Feature Engineering
Understand your data by asking following questions
- What are the most important features in your data?
- Do I need to transform these features?
- Does the data set has missing data? missing column value of low number of records for positive cases (unbalanced data).
- Do I need to create new features based on existing features?
If the data set is not properly understood in conceptual way then the AI modeling will not yield desired results.
Handling missing column values in your dataset
a. Apply mean values from same column from other values and fillin the missing data. Its fast, easy.
b. Or apply median when there are lots of outlier.
c. replace it with most frequent occurring value
Handling Unbalanced data
a. Oversample — duplicate the the existing positive records to create more records of feature you want to detect.
b. Undersampling — remove the existing negative records to balance the dataset. Careful when removing or throwing data away from dataset. maybe useful when hardware scaling issues
c.
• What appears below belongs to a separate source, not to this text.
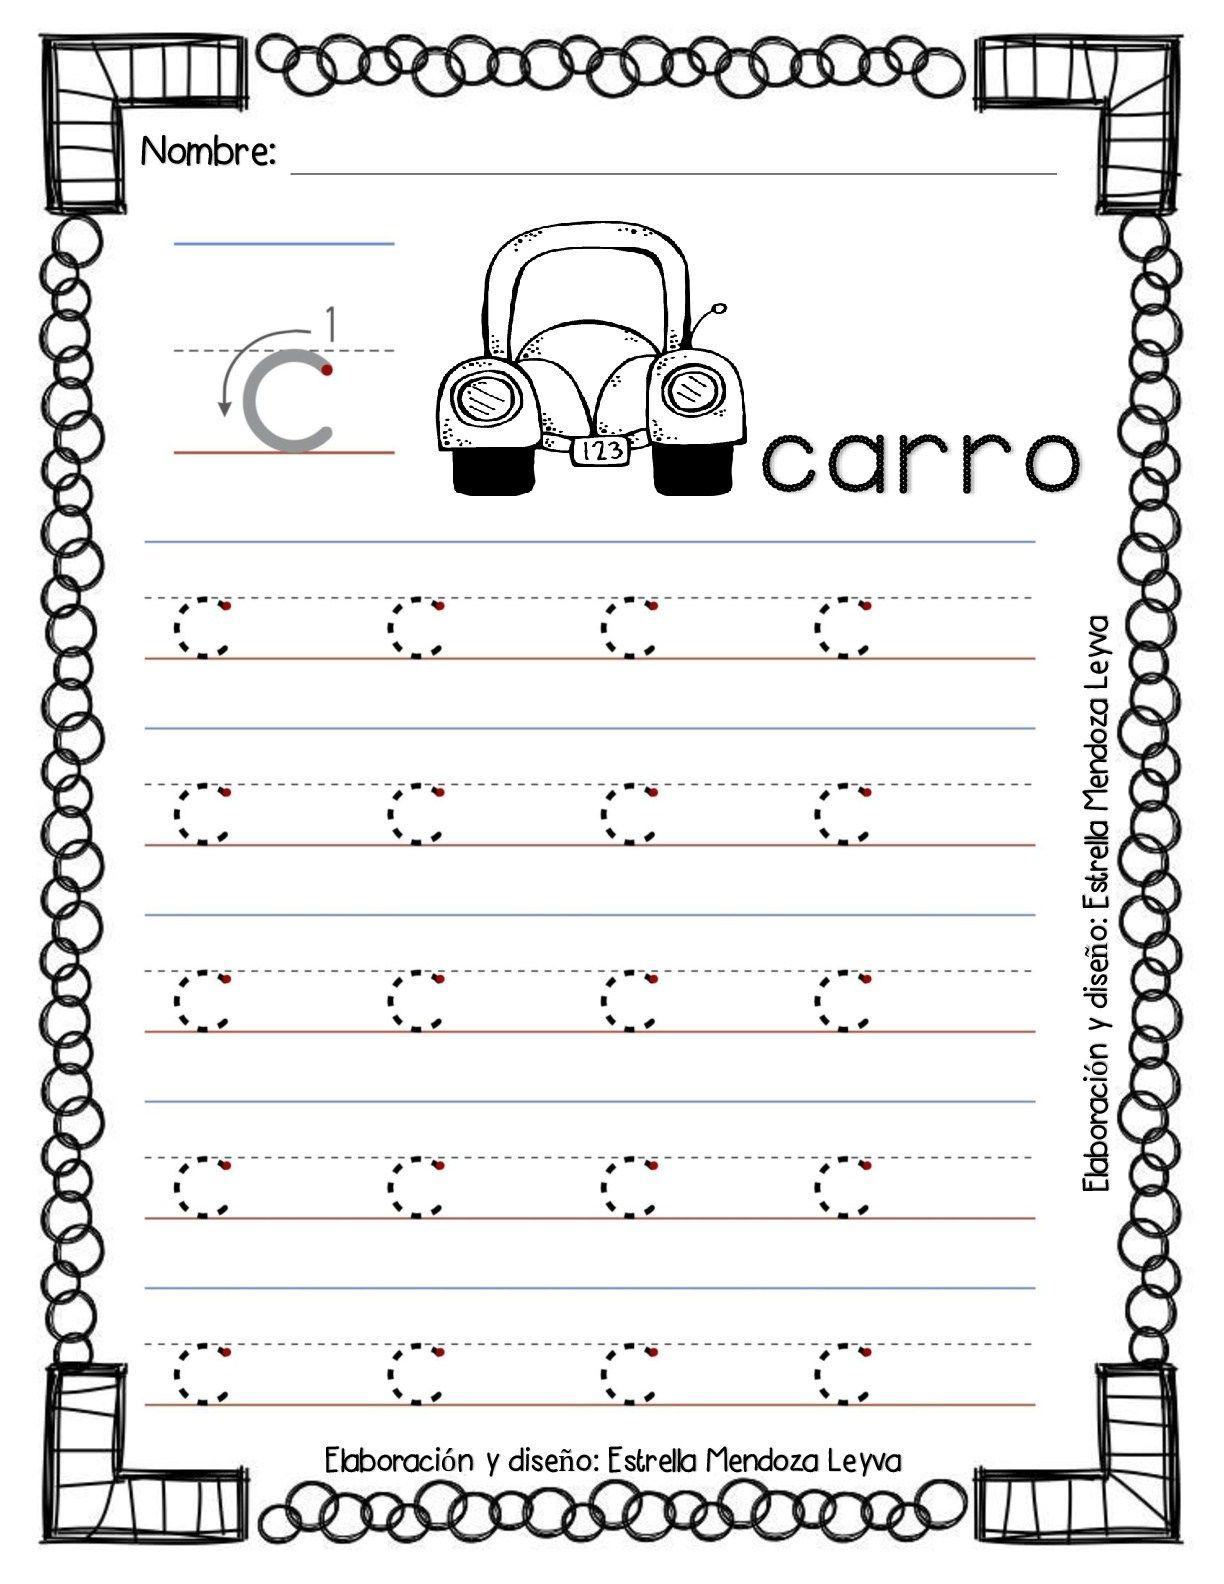 Libro de grafomotricidad todas las letras en trazos | letra C y Q ...

SMOTE — Synthetic Minority Over-sampling Technique- generate new sample by using methods like k-nearest neighbors.
d. adjust threshold when predicting
Identify and handling Outlier
a. Calculate variance and standard deviations and mark data that are more than 1 or 2 SD away.
b. or use AWS random cut forest to identify outlier
c. or identify outlier with IQR
d. remove the outlier. do it carefully. or use max value for all values greater then IQR upper limit and use min value for all values lower then IQR lower limit
Binning
- Bucket data based on range of values
- Quantile binning — same number of sample in each buckets
Transforming
a. Apply some function to make data more suitable for ML. e.g. apply log to exponential trend
b. encoding — encode the data required by your model. e.g. One-hot encoding
c. scaling or normalizing — e.g. scit-learn MinMaxScalar
d. shuffling — randomize your dataset
Introduce Cyclic Features
Many features are cyclic in nature e.g. they are dependent on month, time of day or day of the week etc. Example- sweaters in cold weather, bike rental in warm seasons etc.
Compute the x- and y- component of that point using sin and cosin trigonometric functions. Add these new features to regression model
'hr_sin' = sin(hr*(2.*pi/24))
'hr_cos' = cos(hr*(2.*pi/24))
'mnth_sin' = sin((mnth)*(2.*pi/12))
'mnth_cos' = cos((df.mnth)*(2.*pi/12))